From   László Sándor <[email protected]>
To   [email protected]
Subject   st: bechmarking a profile of an ado file
Date   Thu, 19 Sep 2013 18:52:53 -0400

Hi all,

I tested our ado file producing binned scatter graphs. I am really
curious if seasoned Stata programmers find the following runtimes
reasonable, or they suggest something being wrong with our code.

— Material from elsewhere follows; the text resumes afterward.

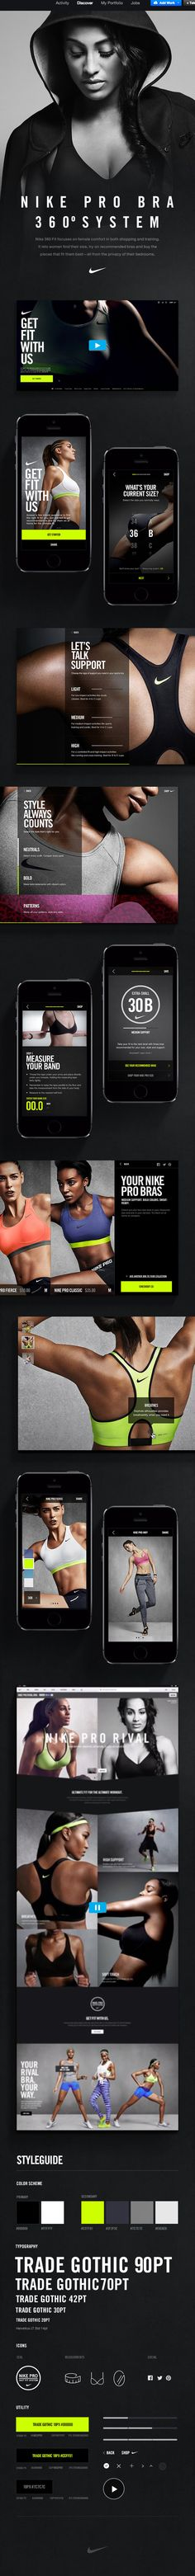 Nike #ui #interface #web #mobile

I used -profiler- to see how much time various operations took. We
take two uniform random variables of length maxlong()/2, cut one of
them into 20 equal bins by using its quantiles, then calculate means
for both variables for each bin, and plot those against each other
alongside of the linear line from a regression of the original data,
all on 64 cores running StataMP 13.

The longest operations are by far the two -tabulate bins,
summarize(variable)- instances we need to run to generate means for
the bins. I might need to live with this bottleneck. In this case, all
this took 47 minutes, so nothing else would really matter.

That said, some other values I don't understand.

Generating the vingtiles weren't that bad, at least with our own
replacement for -xtile-: this completes in 1000 s. We even
-regress-ing one variable against the other took less than two
minutes. (Isn't -tab, sum- surprisingly slow compared to this?)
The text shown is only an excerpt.